Flooding in Prey Veng Turns Landlocked Area Into Island

peam ro, Prey Veng province – Peam Mean Chey pagoda is nor­m­ally a school with 350 students in a landlocked area. Now it is an island, with more than 200 people from nearby Beng Psot village waiting on high ground until the floodwaters recede.

They brought along their farm animals—and their problems.

“My house along the river is gone,” said 56-year-old Chem Yorn, holding his eight-month-old son, the youngest of his seven children. “Two hectares of my rice field have disappeared, too.”

When the water reached knee level in his house, Chem Yorn walked about more than a kilometer to the pagoda to drop off his two cows. Soon the water claimed his home, and he brought his entire family to the pagoda.

“Life is hard,” he said, voicing fear that he was becoming too old to feed his children.

Seang Ran, a 55-year-old wid­ow, and her 47-year-old cousin Seang Mak, aren’t in much better condition.

“I have to catch fish to eat,” Seang Ran said. She said her village received one aid package from Prime Minister Hun Sen. For each family there was 25 kg of rice, 10 packages of noodles, five cans of fish and about $5.

Seang Ran said most of that aid had already gone into people’s stomachs and there wouldn’t be another harvest until next May.

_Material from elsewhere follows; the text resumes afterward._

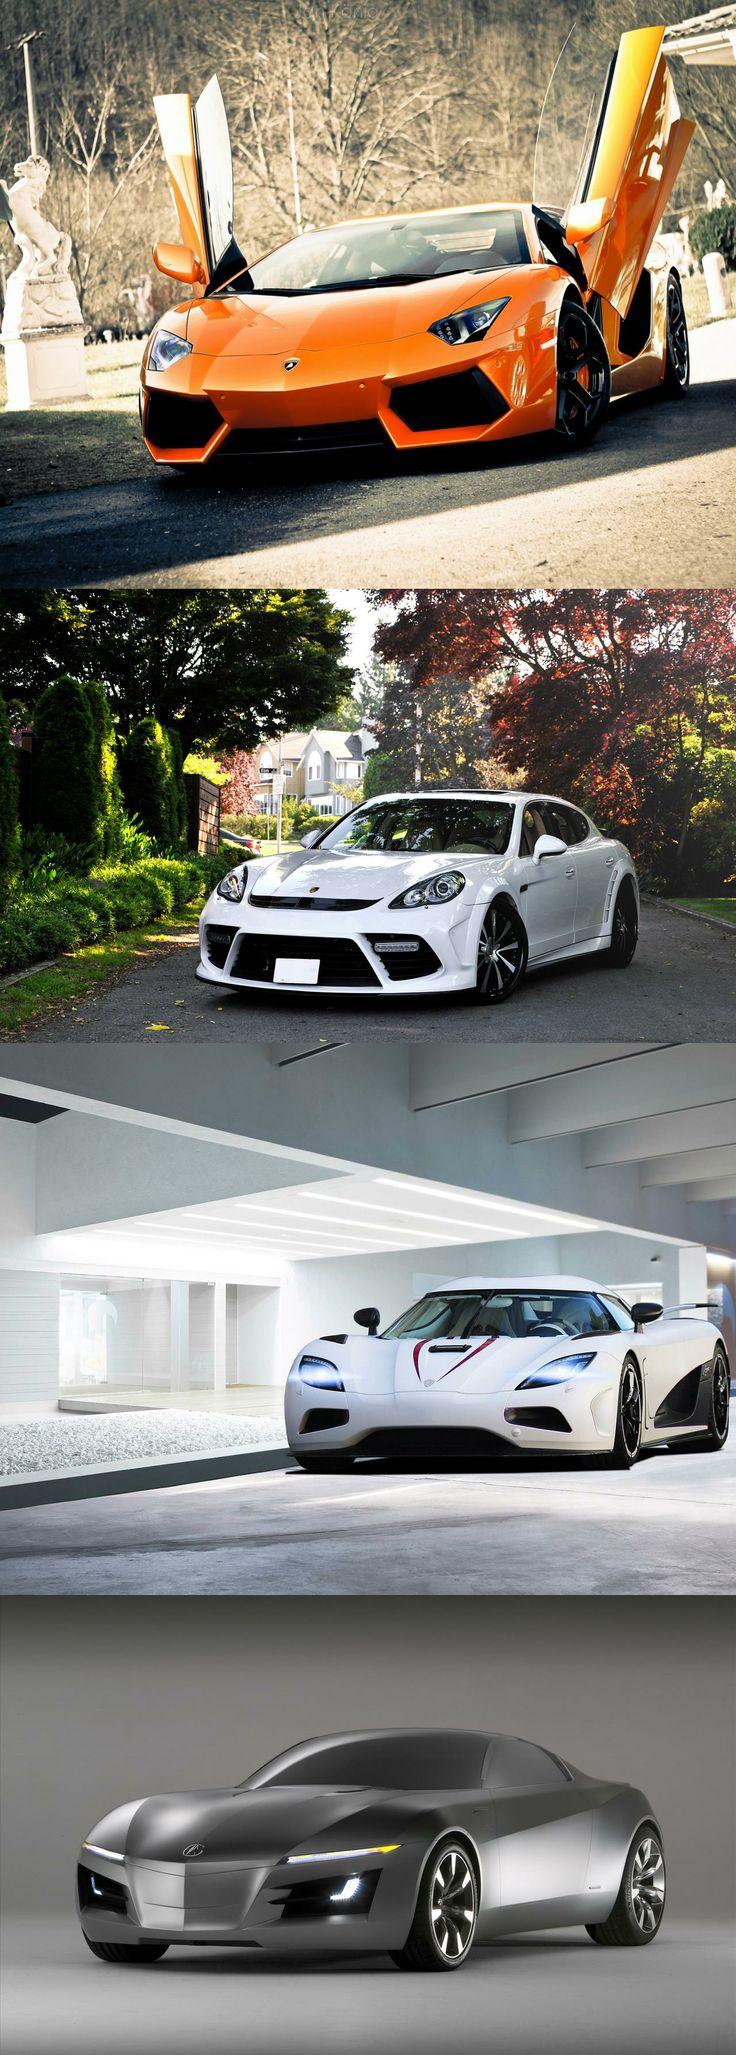 acura car, Acura Sports Car

The World Food Program organized a car-and-motorboat trip to Peam Mean Chey to evaluate flood victim needs and invited media members to join them. WFP estimates it has been un­loading 100 tons of flood relief daily at the Sihanoukville port.

Seang Mak is selling water lilies at the pagoda. Her customers buy them for cooking as a substitute for vegetables they don’t have. She lost her house along the river two months ago. On Saturday she earned only 600 riel, about $0.16. “My profit today can buy 1 kg of rice,” she said.

“About one-third of our families had some rice in reserve [when the flooding began],” said Bun Un, the 65-year-old Beng Psot village chief.

Everyone else is waiting for flood aid or making plans to borrow rice from farmers around Neak Loeng, probably at a 50 or 100 percent interest rate to be repaid next May.